Heurts devant le siège de l’UGTT entre syndicalistes et islamistes tunisiens

L'UGTT a négocié avec le gouvernement la fin de la contestation à Siliana. © AFP

Des heurts ont éclaté, mardi 4 décembre, devant le siège de l’Union générale tunisienne du travail (UGTT - principal syndicat tunisien) à Tunis, en marge de la commémoration du 60e anniversaire de l’assassinat du leader syndicaliste Farhat Hached. Militants syndicalistes et membre de la Ligue de protection de la révolution, une organisation proche des islamistes d’Ennahdha, s'accusent d'en être à l'origine.

Des heurts ont éclaté, mardi 4 décembre, devant le siège de l’Union générale des travailleurs tunisiens (UGTT-principal syndicat tunisien) à Tunis, en marge de la commémoration du 60e anniversaire de l’assassinat du leader syndicaliste Farhat Hached. La centrale historique venait de négocier avec le gouvernement la fin de la contestation à Siliana.

Les membres de l’UGTT affirment avoir été pris à partie par des militants de la Ligue de protection de la révolution, une organisation proche des islamistes d’Ennahdha, qu’ils accusent d’avoir attaqué le siège du syndicat. « Nous étions à la Kasbah pour signer deux conventions avec le gouvernement en rapport avec le secteur public et privé (des augmentation de salaires, NDLR) et dès que nous sommes arrivés au siège de l’UGTT, nous avons été surpris par des membres du comité de protection de la révolution qui appartiennent, dans leur majorité, à un parti politique connu et qui criaient "dégage" et appelaient à l’assainissement de l’UGTT », a déclaré sur Mosaïque Fm, Hfaiedh Hfaiedh, secrétaire général adjoint chargé de la fonction publique au sein de l’organisation, qui assure avoir été blessé pendant les heurts.

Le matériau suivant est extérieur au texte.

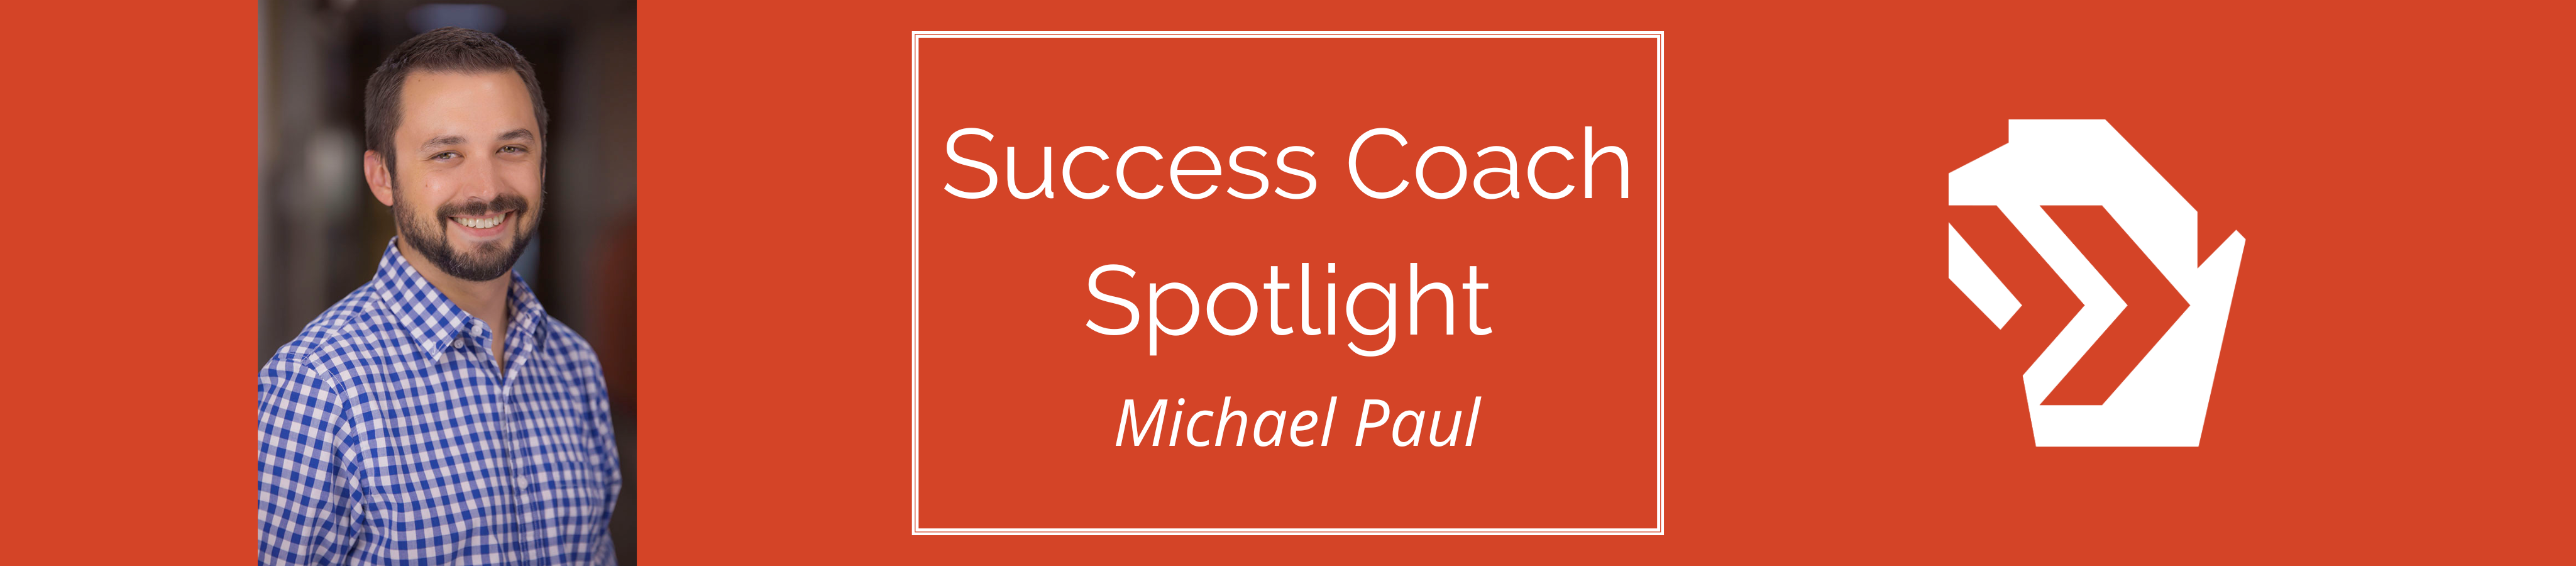 A graphic featuring a professional headshot of Senior Success Coach Michael Paul

Selon l’UGTT, au total, dix de leurs membres ont été blessés.

"Double discours"

« Nous constatons qu’il y a réellement un double discours entre ce que nous avons vécu au siège du gouvernement et ce qu’on a vu devant le siège de l’UGTT. Nous considérons ces actes comme violents et semant le chaos et ceux qui sont derrière doivent assumer leur responsabilité […] Nous considérons cela comme un véritable crime contre tous les syndicalistes », a conclu Hfaiedh Hfaiedh.

De son côté, s’exprimant également sur Mosaïque Fm, Néjib Gharbi, chargé de l’information du mouvement Ennahdha, affirme que des membres de l’UGTT sont à l’origine des heurts. Selon lui, des accrochages ont éclaté entre ces derniers et des personnes venus rendre hommage à Farhat Hached. C’est à ce moment que des partisans du parti au pouvoir se seraient « interposés pour calmer la situation et ont été attaqués » par des membres de l’UGTT.

D’origine encore floue, ces heurts risquent de laisser des traces : « La porte des affrontements est à présent ouverte, et c’est eux qui l’ont voulu ! Personne n’est capable de tuer Farhat Hached une seconde fois et personne n’est capable d’arrêter l’UGTT ! » a déclaré Houcine Abassi, secrétaire général de l’UGTT.